____ RECORDED INFORMATION

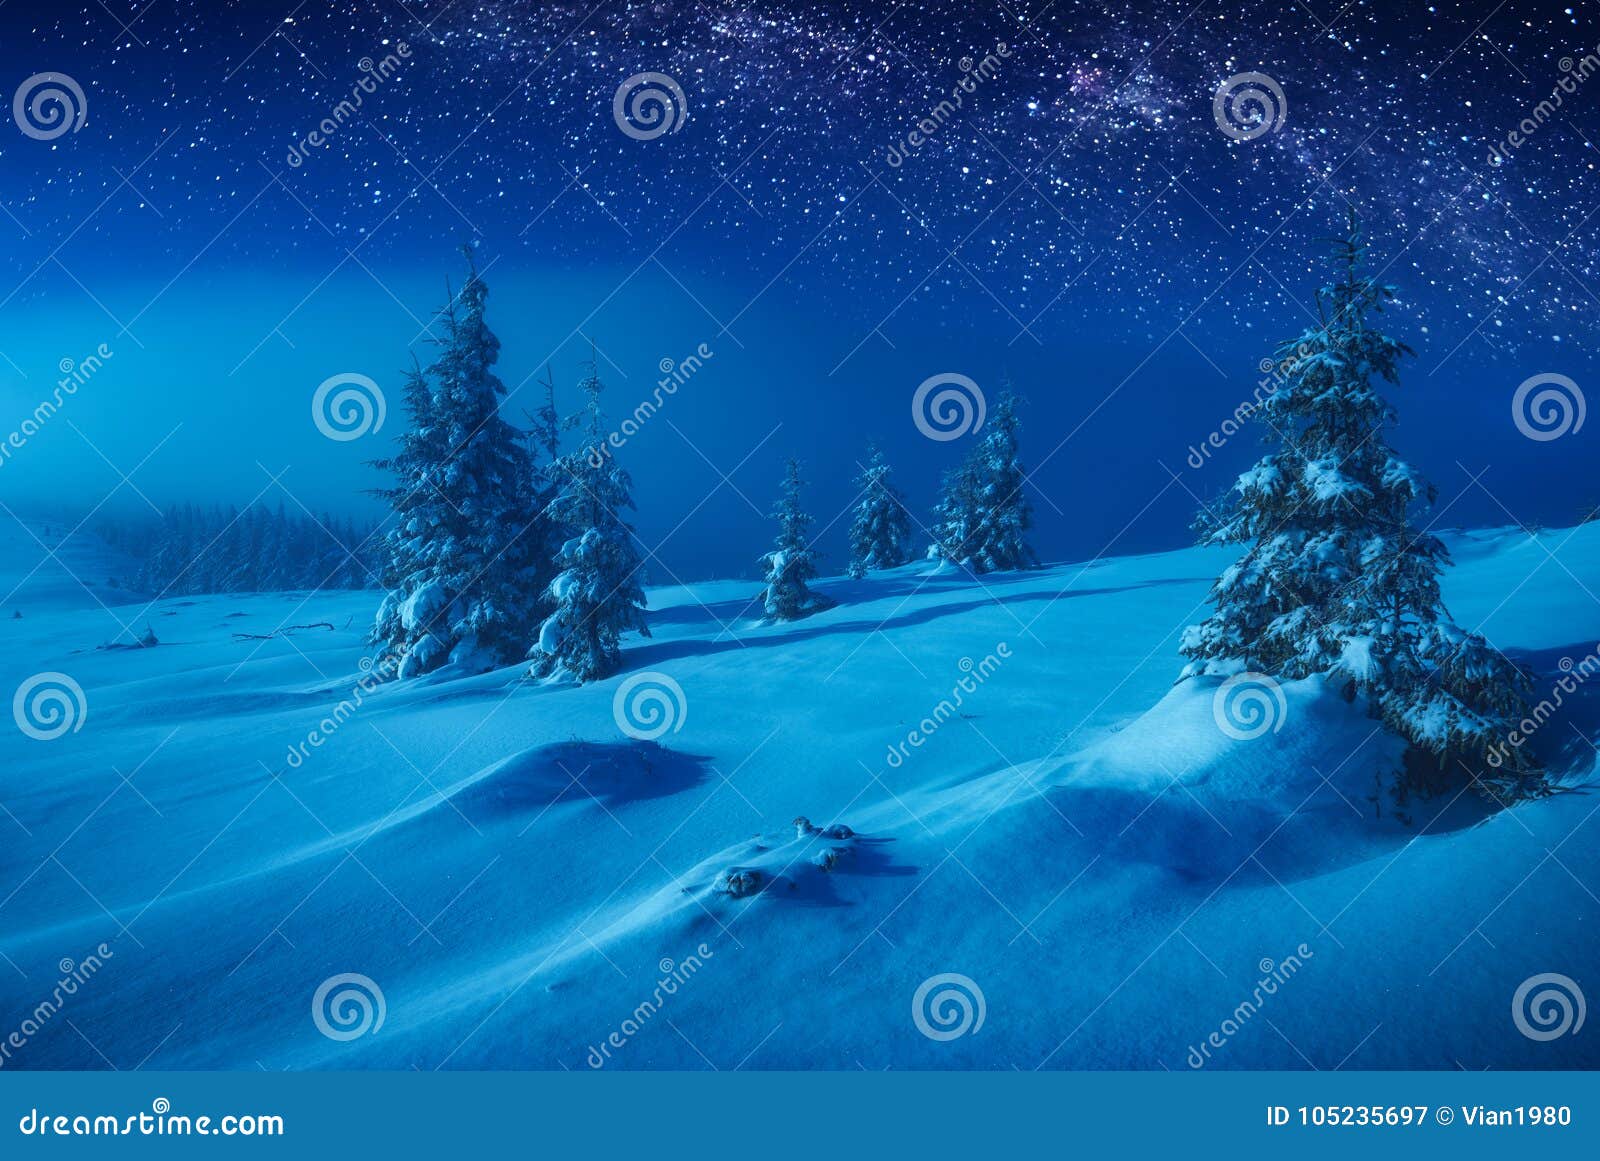 De vallei van de feewinter met sneeuw in een maanlicht dat wordt behandeld Melkachtige manier in een nacht sterrige hemel Kerstmis en Nieuwjaren stemmings
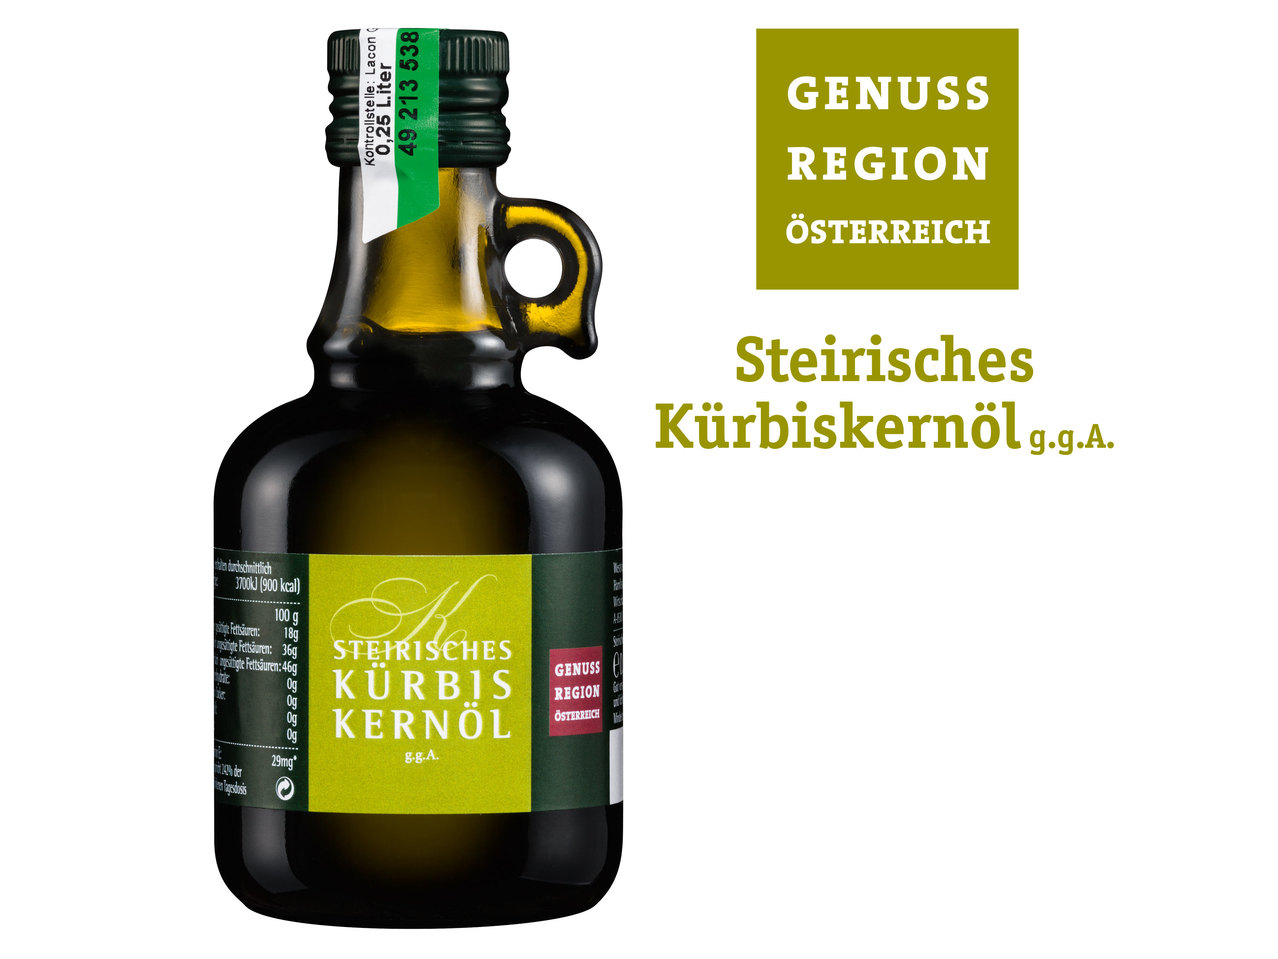 GENUSS REGION ÖSTERREICH Steirisches Kürbiskernöl g.g.A.
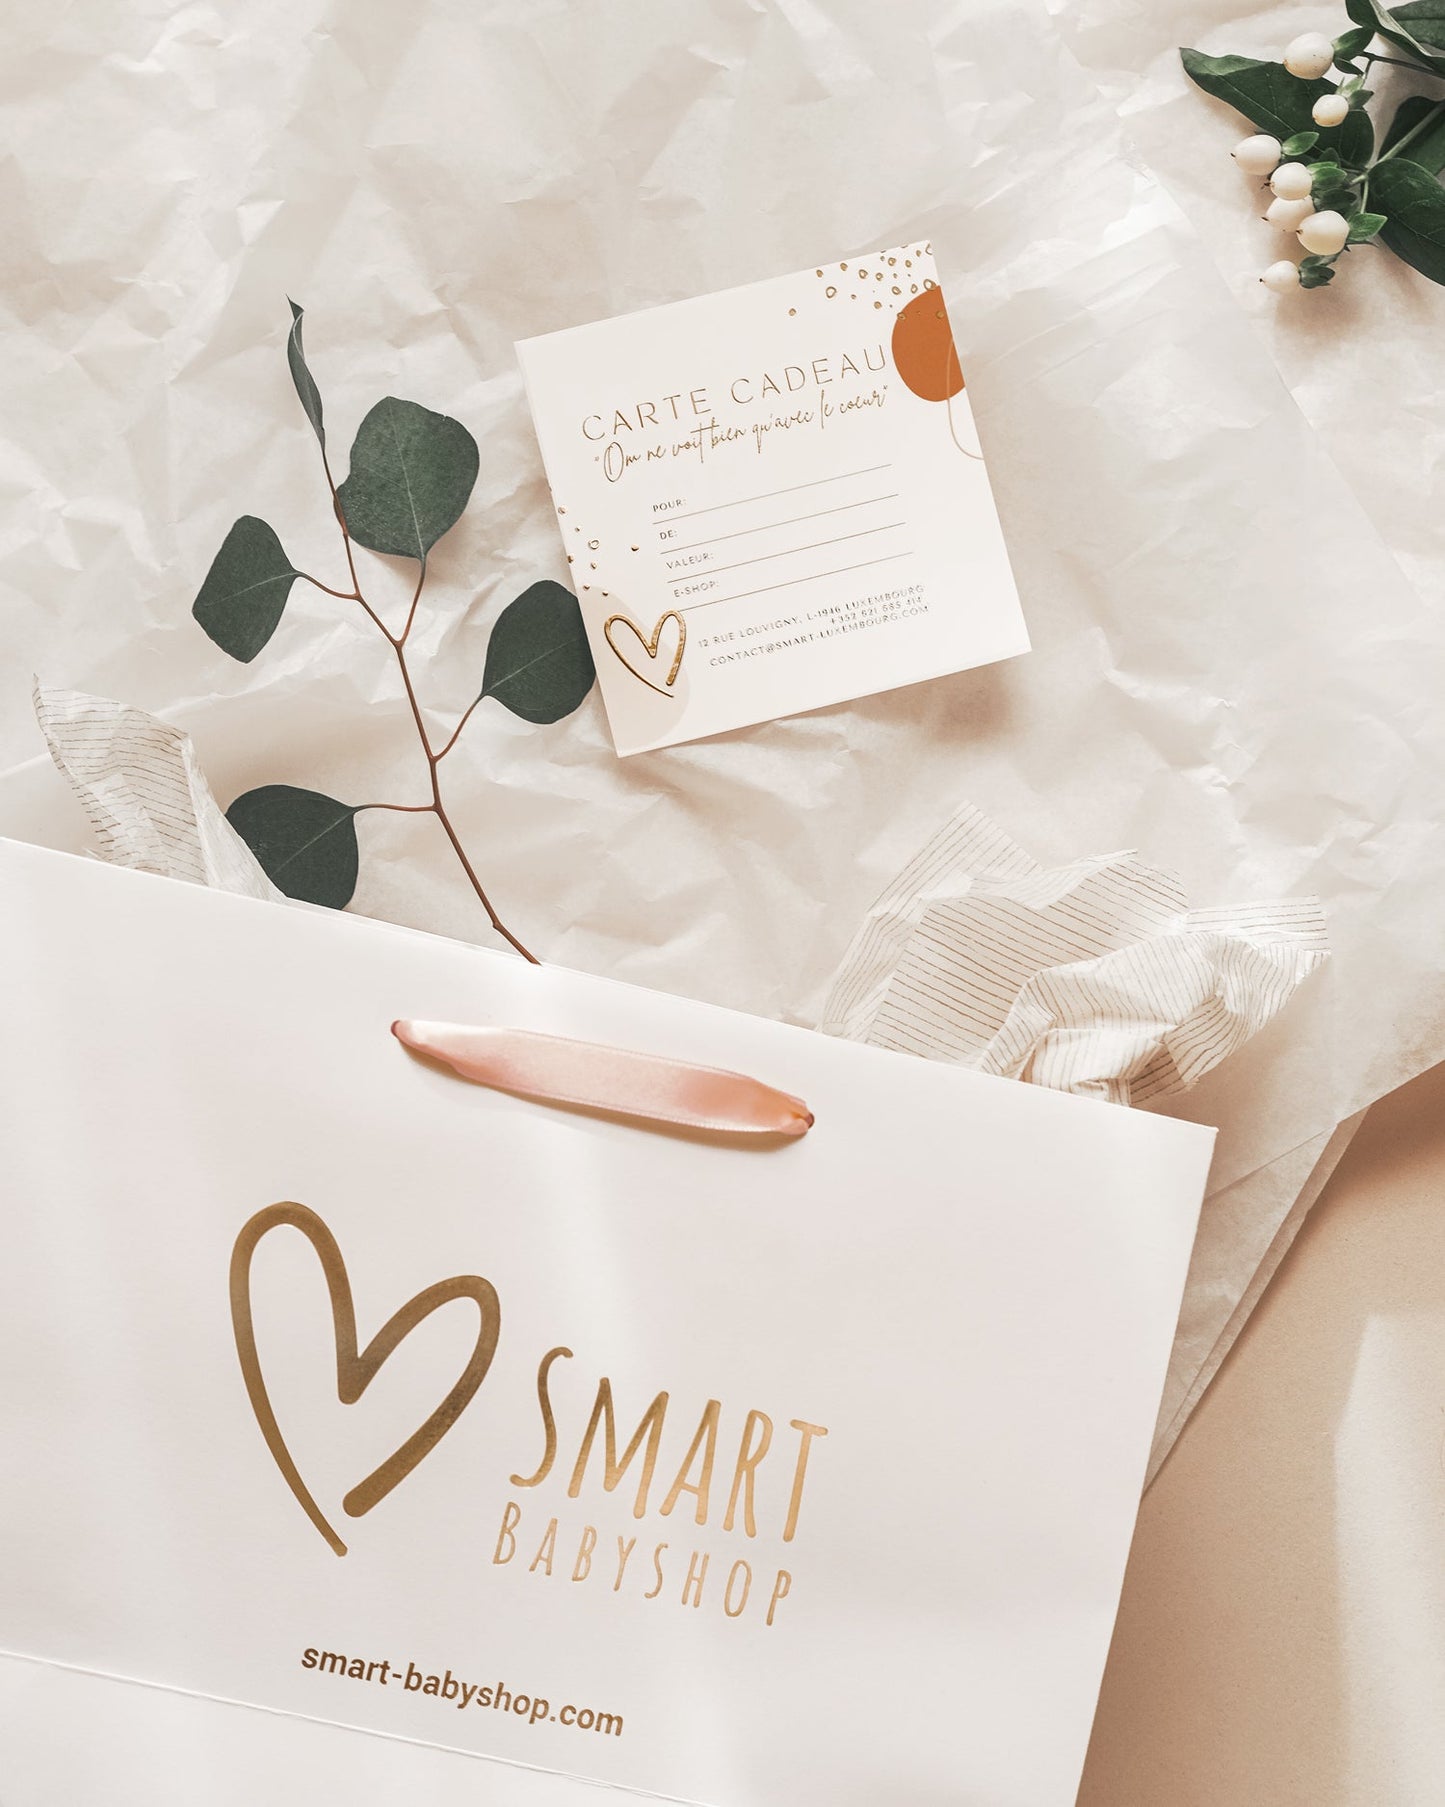 Carte cadeau Smart Babyshop - SMART Babyshop - SMART Babyshop

________

◆ TASK
Print exactly, and only, the lines from the line containing "GENUSS REGION ÖSTERREICH" to the last line of the material above, with every picture left out.

◆ EXERCISE RESULT
 GENUSS REGION ÖSTERREICH Steirisches Kürbiskernöl g.g.A.
 Carte cadeau Smart Babyshop - SMART Babyshop - SMART Babyshop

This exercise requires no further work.